This wonderfully creamy vegan potato salad with a twist will brighten up any summer meal. It tastes so decadent you’d never know it was healthy or vegan!
- 1-½ cup Sweet potatoes (about 1 large) cut into bite-size pieces
- 2 cups Regular potatoes (about 4-5 medium sized potatoes) cut into similar sized cubes
- 2 bunches Fresh or frozen green beans, cut into 2 or 3 pieces
- ¼ whole Red onion, sliced as thinly as possible
- 3 whole Large pickles (dill pickles)
- FOR THE VEGAN MAYO:
- 2 tablespoons (in heap) Soy yogurt
- 1 teaspoon (small) sweet mustard (mine has different spices including turmeric)
- 2 teaspoons apple cider vinegar
- ⅓ teaspoons Salt
- Freshly ground black pepper, to taste
In a large pot of boiling salted water, add the potato pieces.
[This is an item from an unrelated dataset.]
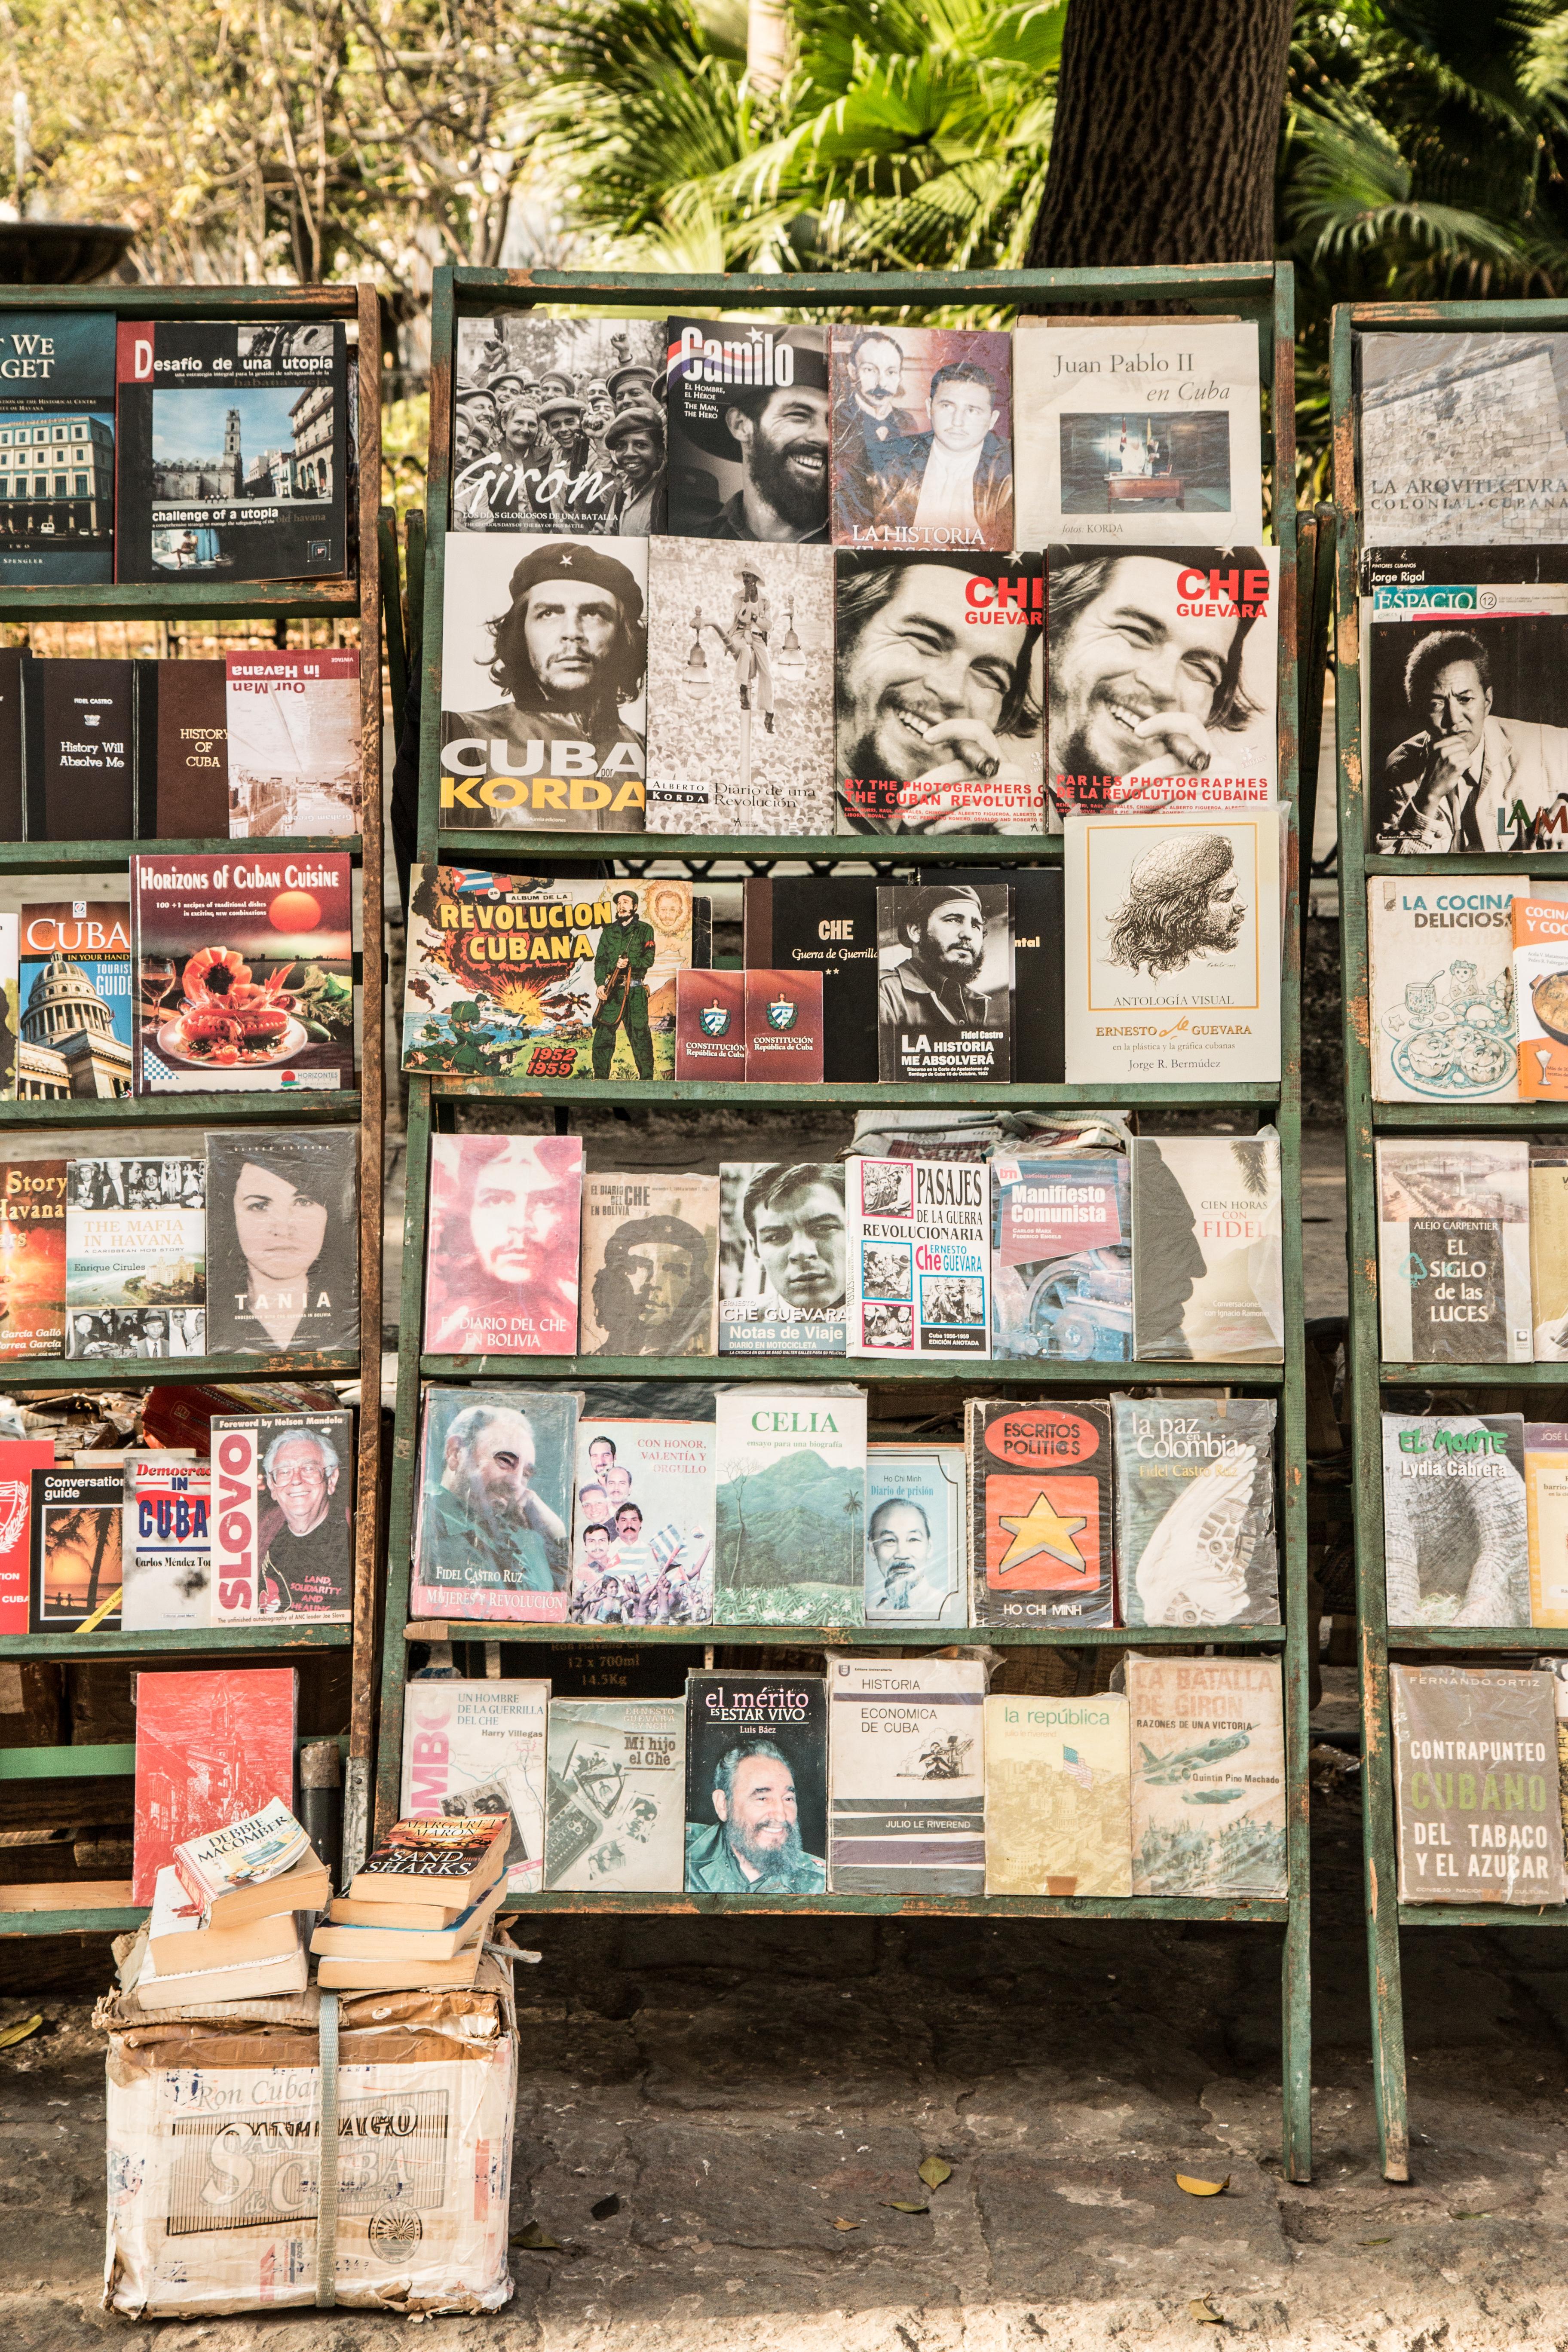 Literatur über Che Guevara

After about 5 minutes, add the sweet potatoes. Sweet potatoes generally don’t take as long as regular potatoes. Another thing you can do is cut sweet potatoes a little larger than regular potatoes and throw everything in at once.
Meanwhile, lightly steam or boil the green beans for about 6 minutes if fresh, or a little less if frozen. You want them to still have a little crunch to them. Once cooked, drain and immediately run the green beans under cold water to stop the cooking and retain the bright green color of the beans.
Once the potatoes and sweet potatoes can easily be pierced with a sharp knife, remove them from the baking sheet and drain them.
Add potatoes, sweet potatoes and green beans to a bowl. Add the chopped onion (if you have a mandoline, now is the time to use it!).
Cut pickles (or gherkins) in half lengthwise then slice before adding to the bowl.
To make the vegan mayonnaise, just combine all the ingredients. Add mayonnaise to the salad, mix it. Make sure everything is well coated but be delicate!
Refrigerate at least 1 hour before serving. This salad will keep for several days in the refrigerator, which makes it ideal for meal prep!